Первое, что выдают солдату израильской армии после призыва, – личный номер, который носят в капсуле на груди (для опознания тела) и который вделан в подошвы ботинок (на случай, если оторвёт ногу). Я не к тому, что смерть в Израиле привычней и обыденней, чем в России, хотя, ввиду некоторых политических моментов, она ходит на более коротком поводке…
Просто я пытаюсь представить, как там выстраивают очередь на высокую аудиенцию согласно личным номерам: «Кто следующий?» – «Я!» – «Номер?» – «800745».
Ну нет уж… Я уверена, что там всех нас знают в лицо, а не по номерам…

 

С годами я поверила, что в конце концов, видимо, умереть придётся.

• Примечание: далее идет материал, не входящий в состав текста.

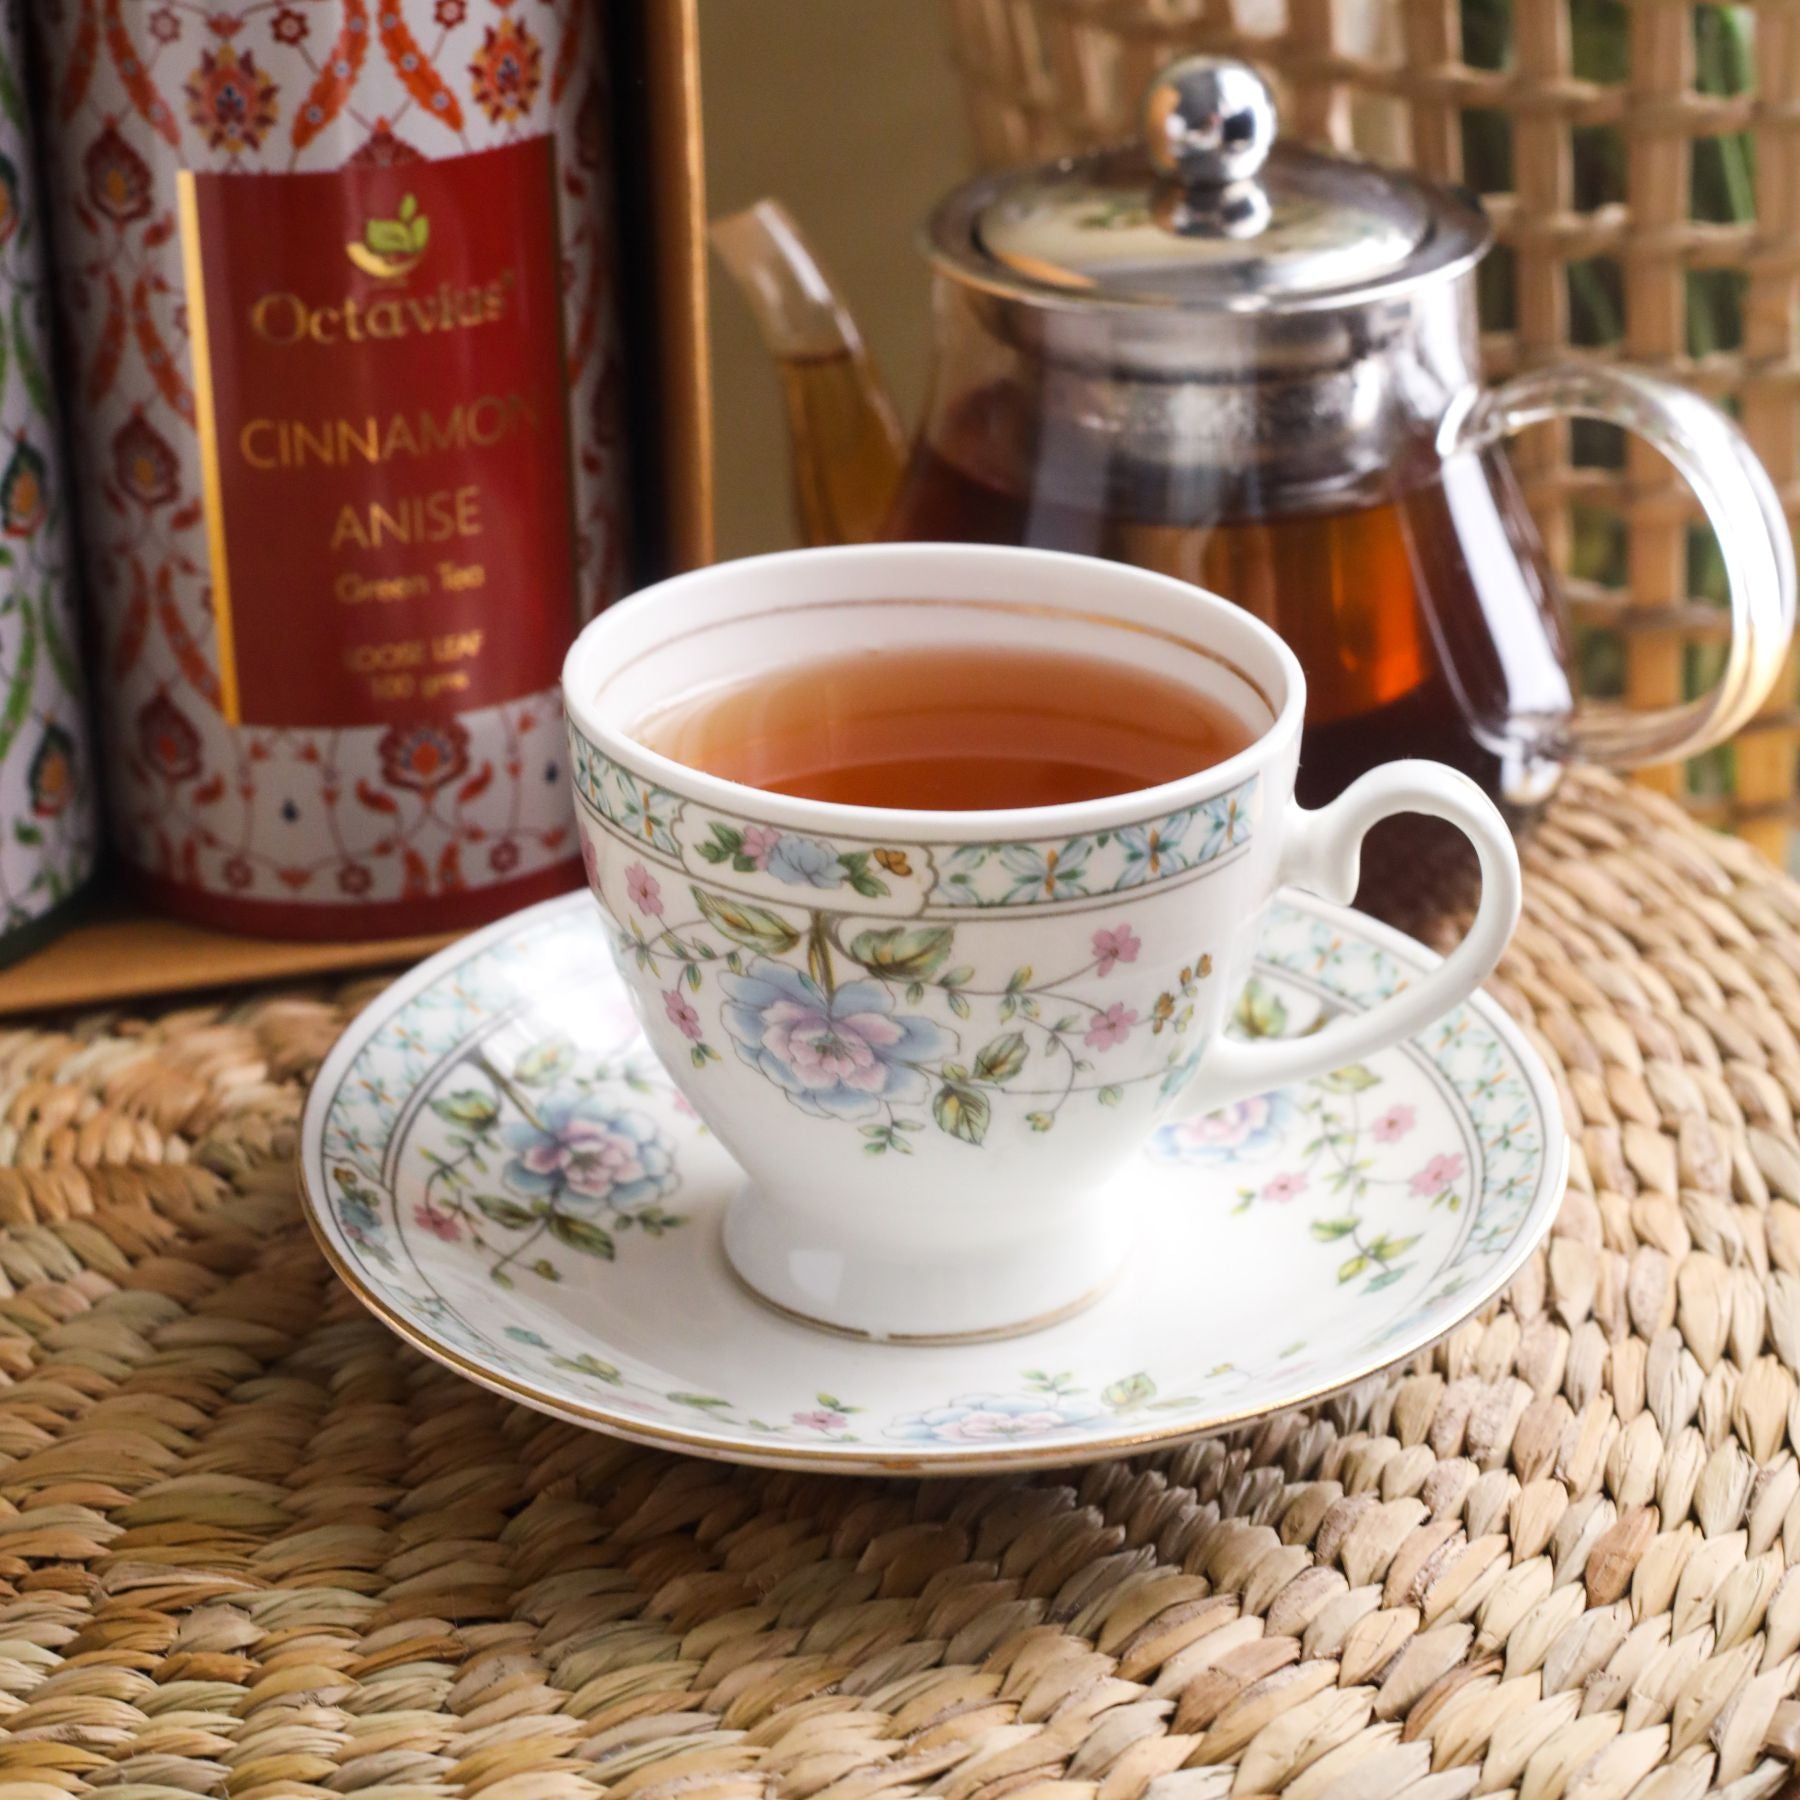 Tea Essentials-Floral Wellness (2 Wellness Green Tea Blends)

С мыслью о неизбежности смерти в жизни человека происходят кое-какие изменения. Смерть уменьшается, съёживается, теряет зловещее оперение и становится неким обстоятельством времени и места, неким допущением. Не то что над плечом маячит, но присутствует на задворках сознания на всякий случай – так, выходя из дому, прихватываешь с собой какие-то вещи – вдруг пригодятся…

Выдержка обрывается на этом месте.